Our results show that influenza A viruses circulate regularly in LBMs in Kenya. Continued monitoring of influenza viruses in poultry in LBMs would help in detecting new introductions of AIVs in the poultry population that would be of public health and socioeconomic significance to the poultry industry in the country. Early detection of new potentially dangerous influenza viruses could lead to early application of control measures that could minimize the public health impact of outbreaks of HPAI viruses and decrease the impact on the livelihoods along the poultry value chain.

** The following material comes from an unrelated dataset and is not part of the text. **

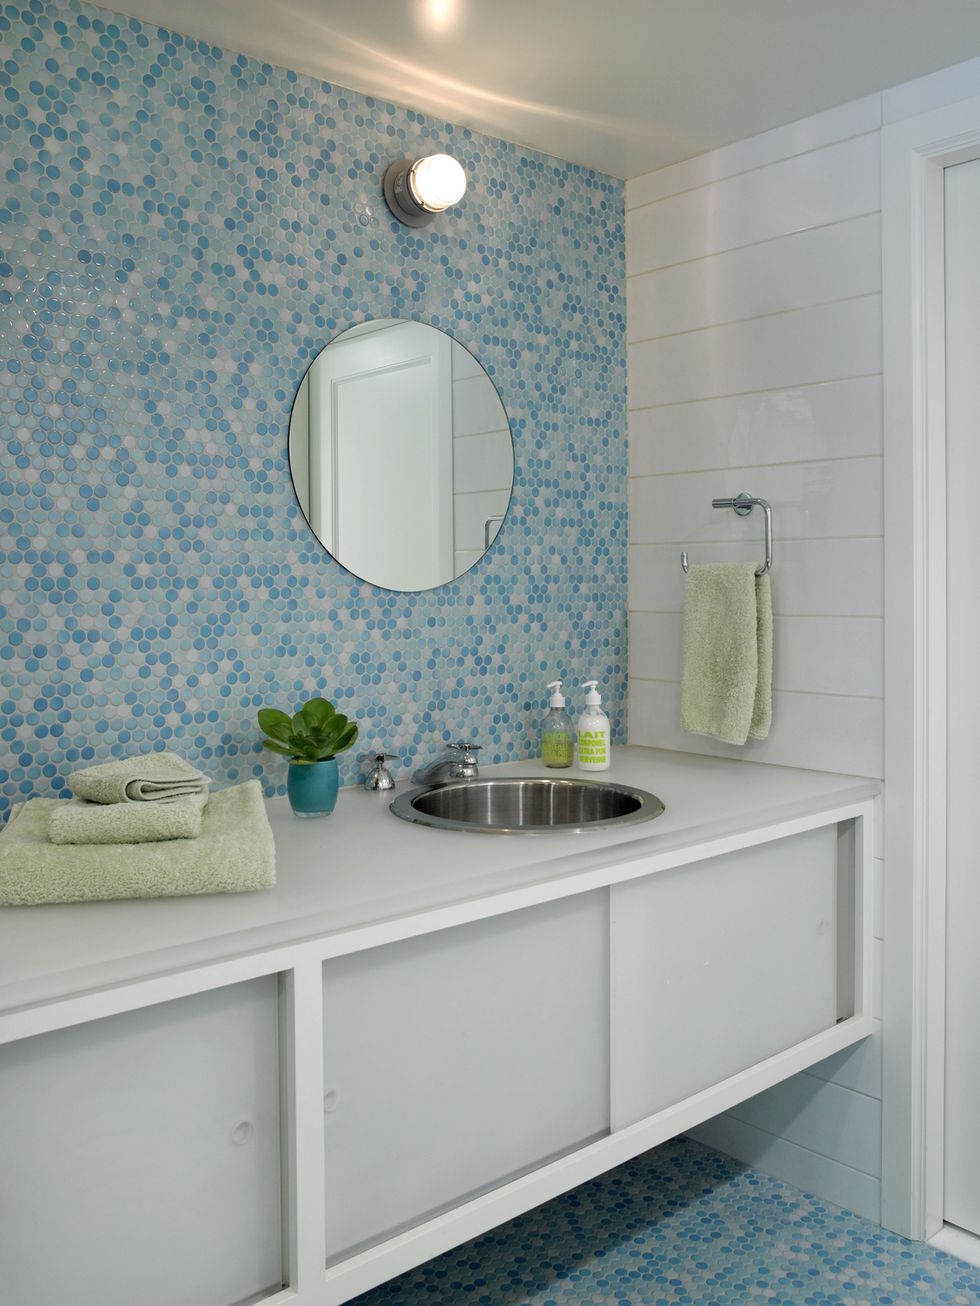 10 Beautiful Tile Ideas For A Bold Bathroom Interior ...

The authors wish to express gratitude to the staff of the Virology laboratory, Central Veterinary laboratory, Kabete for their tireless participation in sampling of the birds and Mr Dennis Odhiambo of CDC-K IEIP laboratory for his excellent technical support during the surveillance, period which made this work a success. The authors thank Joshua Mott for his helpful advice.
P. Munyua contributed to the overall design of the study, coordinated the field work, analyzed the data, and wrote the manuscript. L. Waiboci and L. Mwasi were responsible for all the RNA extractions and testing and reviewed the manuscript. J. Githinji, L. Njagi, R. Murithi and J. Macharia were responsible for the field work, approval for the surveillance work, and reviewed the manuscript. G. Arunga coordinated the data entry, analyzed the data, and reviewed the manuscript. R. Breiman, K. Njenga, M. Katz contributed to the overall design of the study and reviewed the manuscript.
The findings and conclusions in this report are those of the authors and do not necessarily represent the official position of the US Centers for Diseases Control and Prevention.